GIVEN DATA.
-------

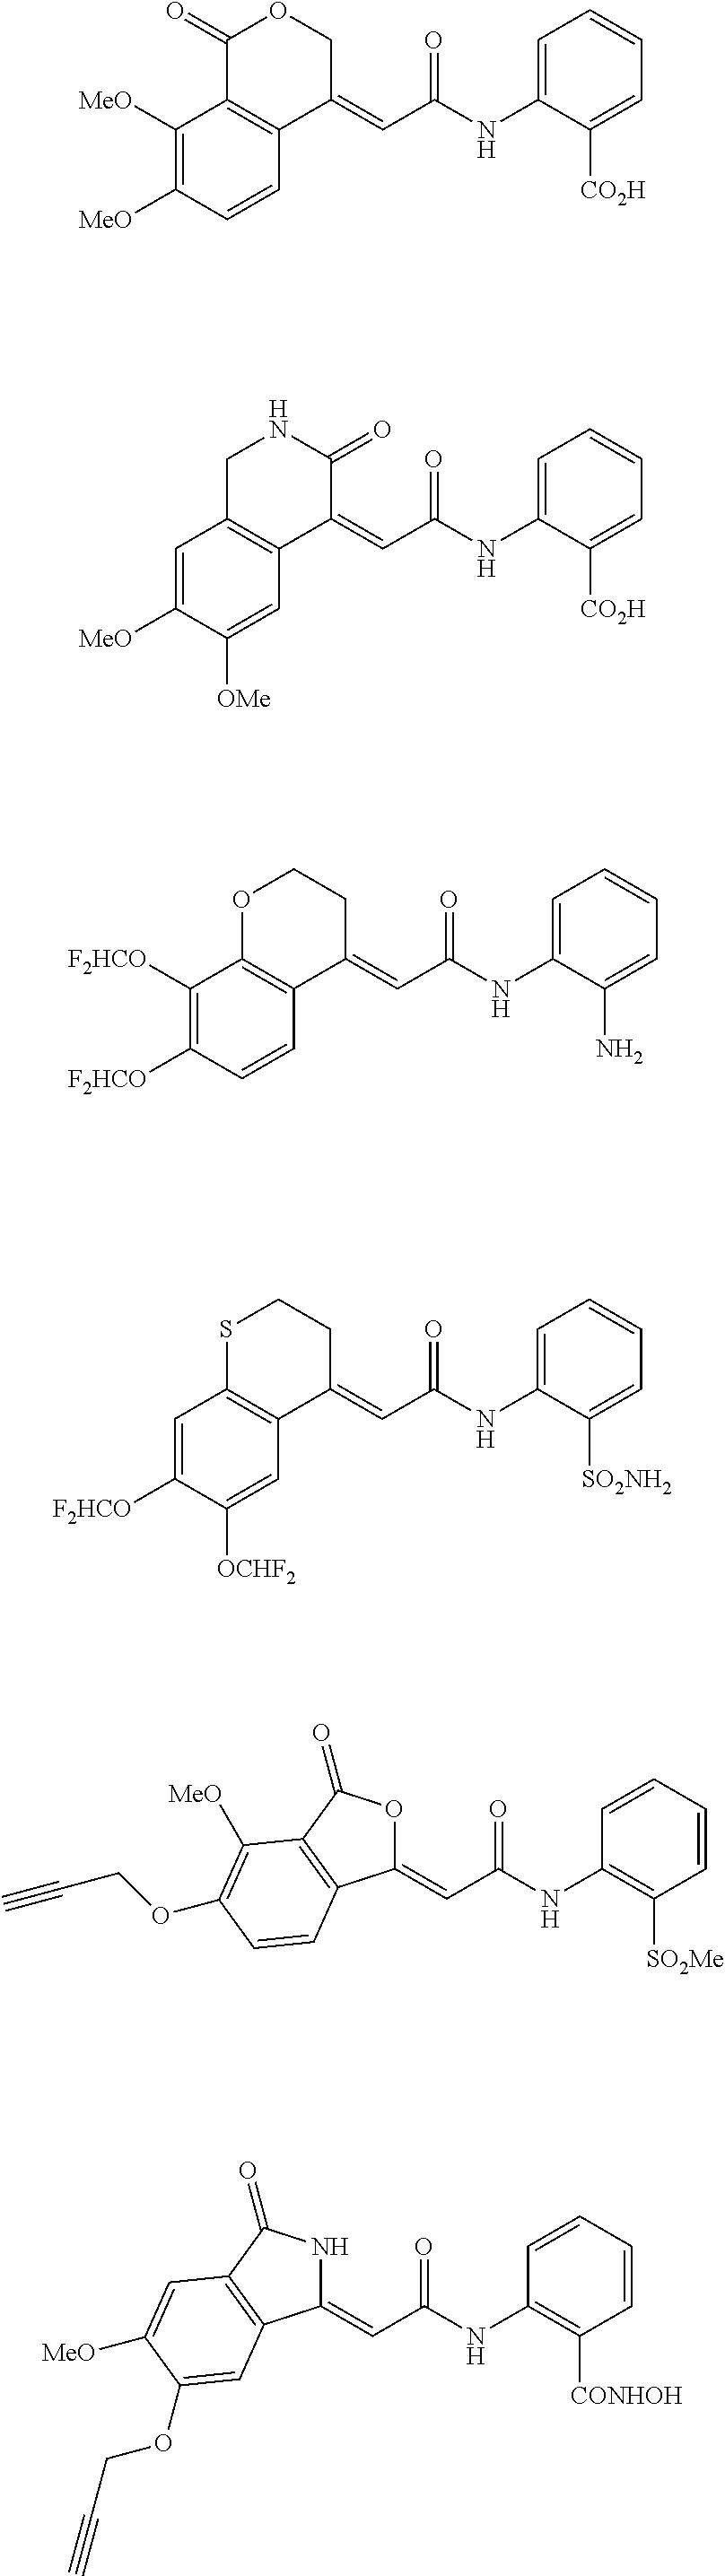 Figure US09951087-20180424-C00011
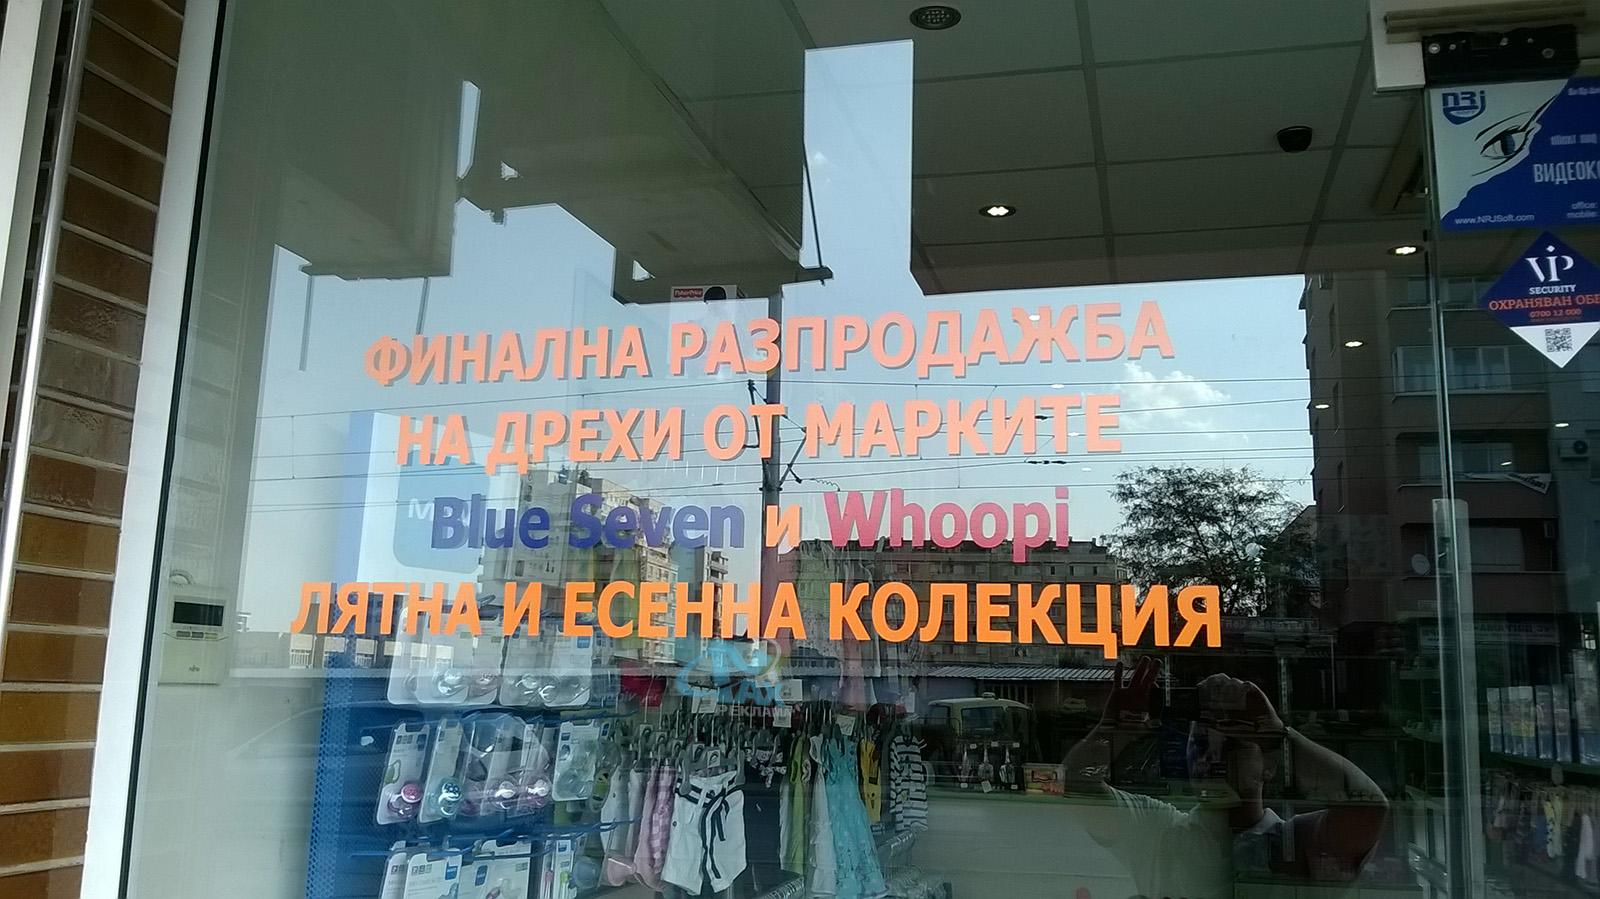 Надписване на витрини
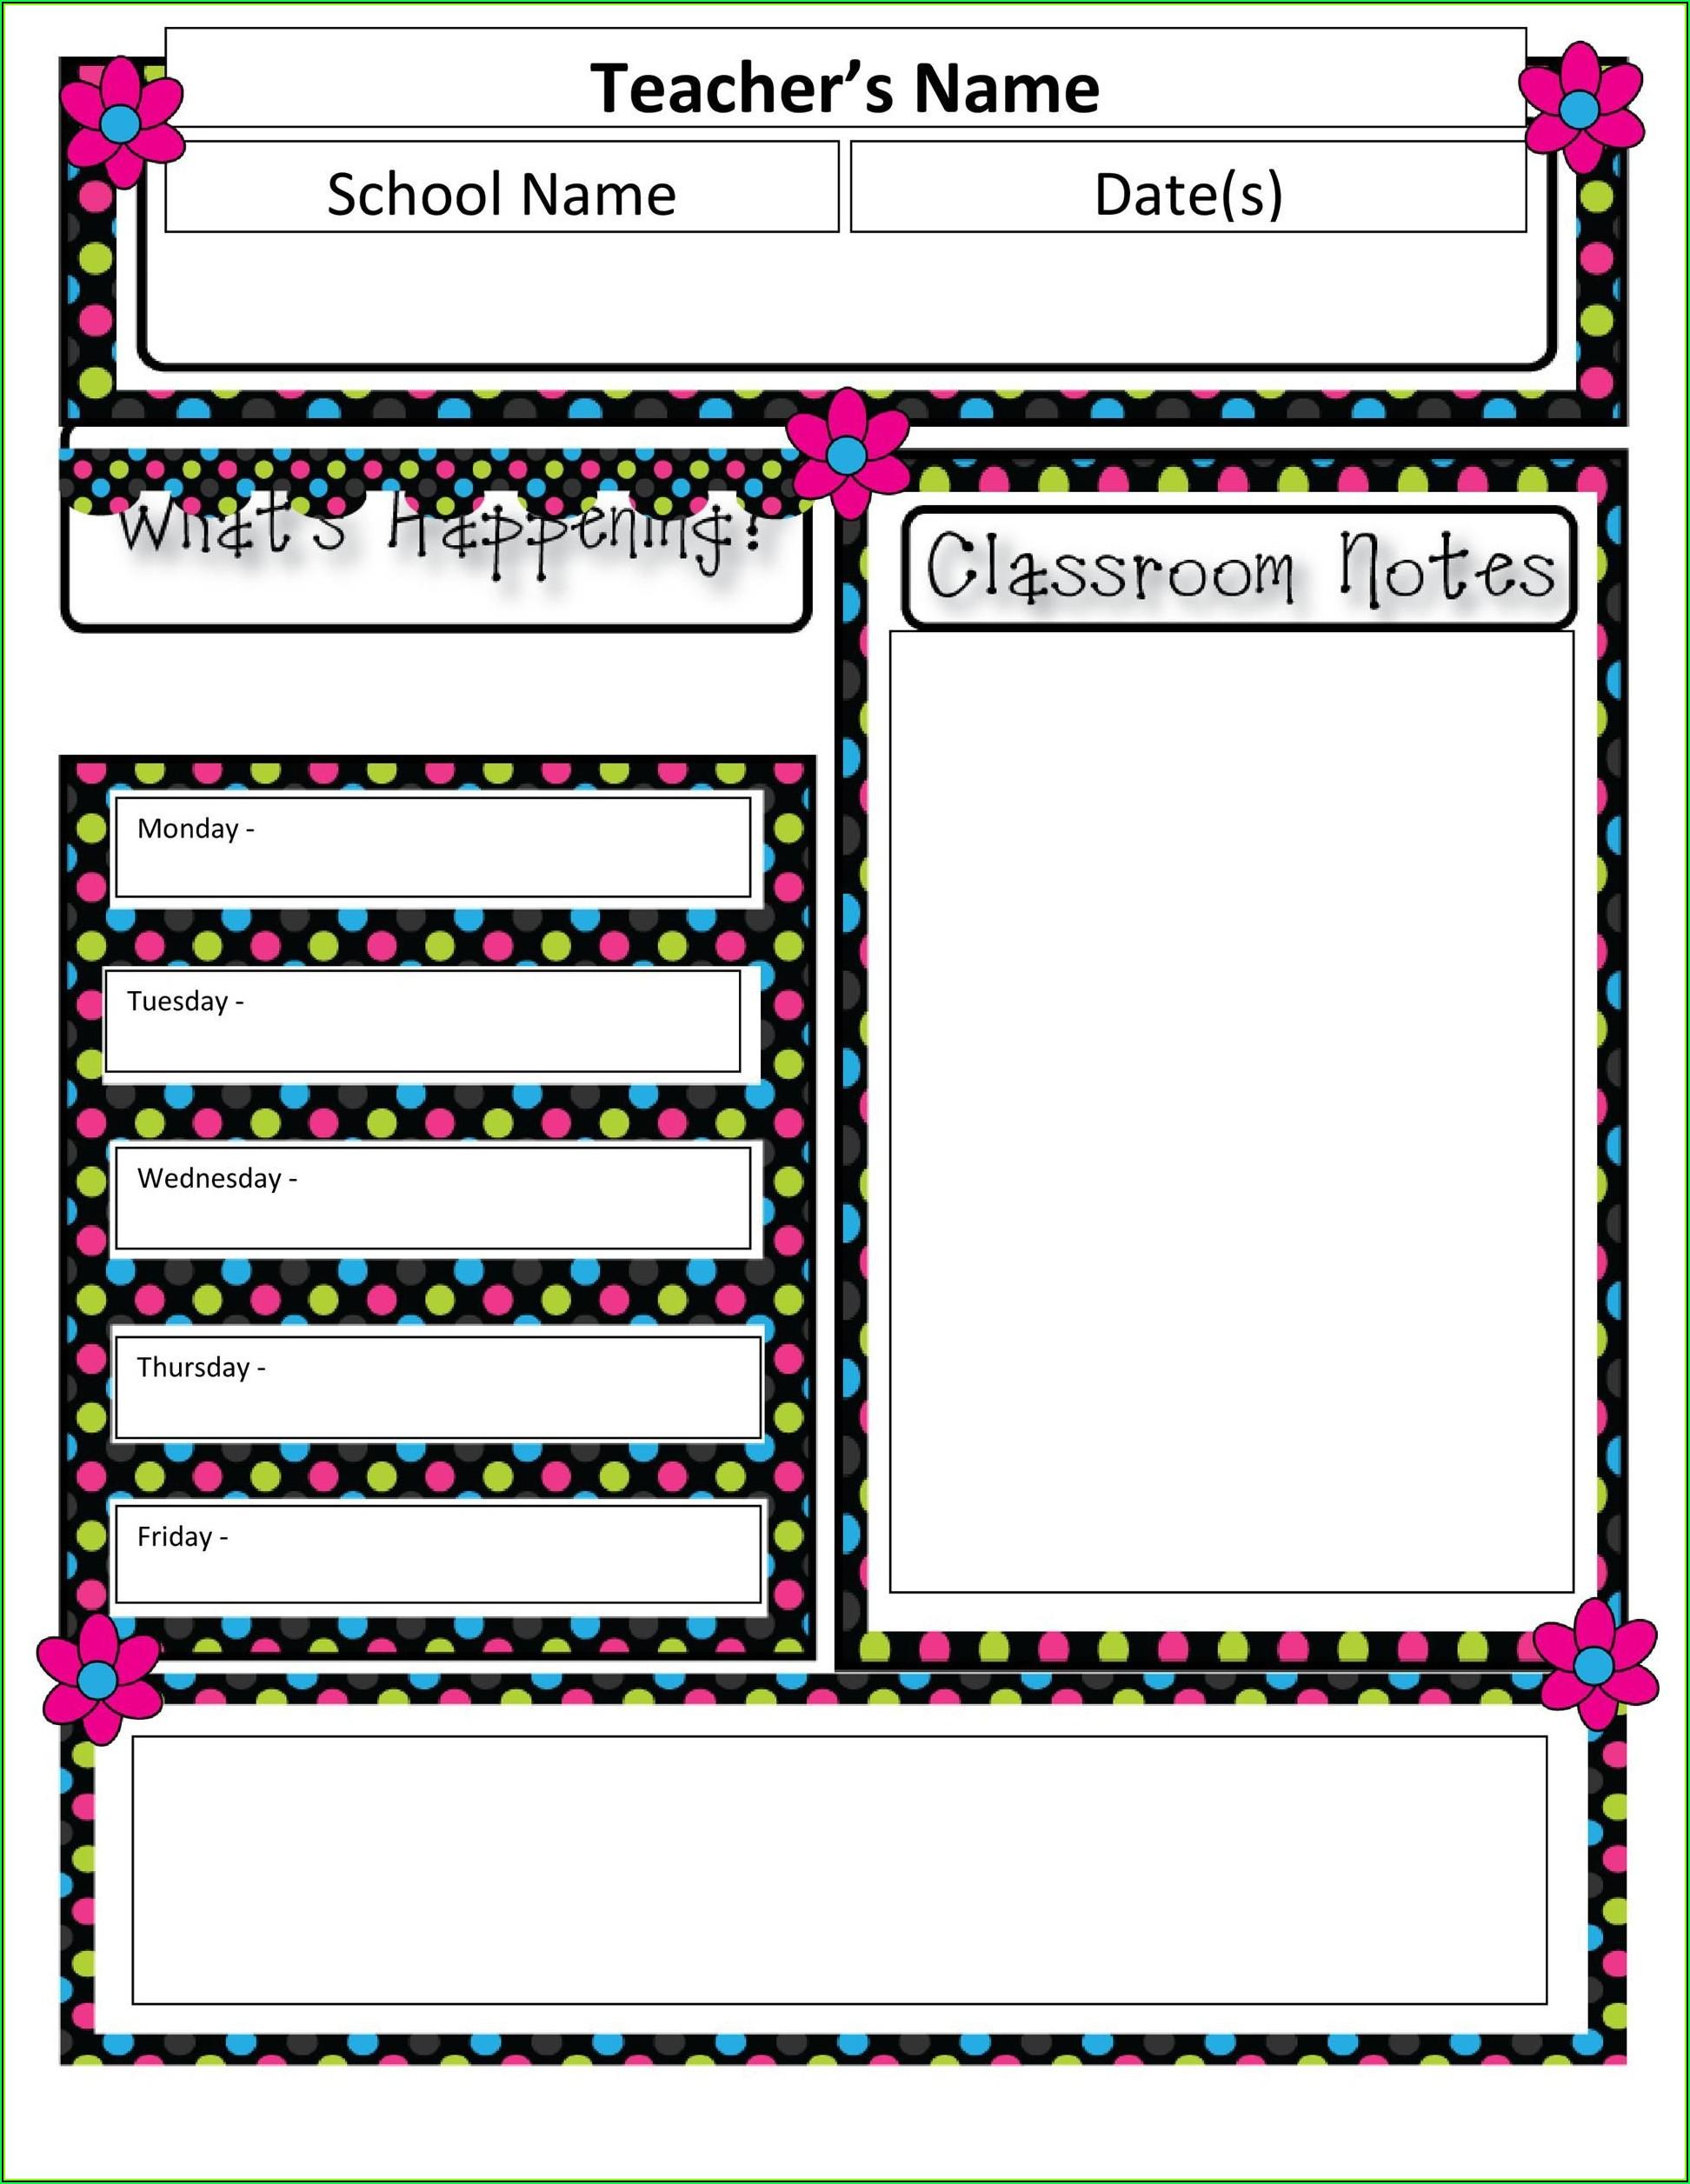 Free Blank Newsletter Templates For Teachers

-------

WHAT THIS TASK INVOLVES.
Could you give all of the data again exactly as written, omitting any pictures?

ANSWER BOX.
 Figure US09951087-20180424-C00011
 Надписване на витрини
 Free Blank Newsletter Templates For Teachers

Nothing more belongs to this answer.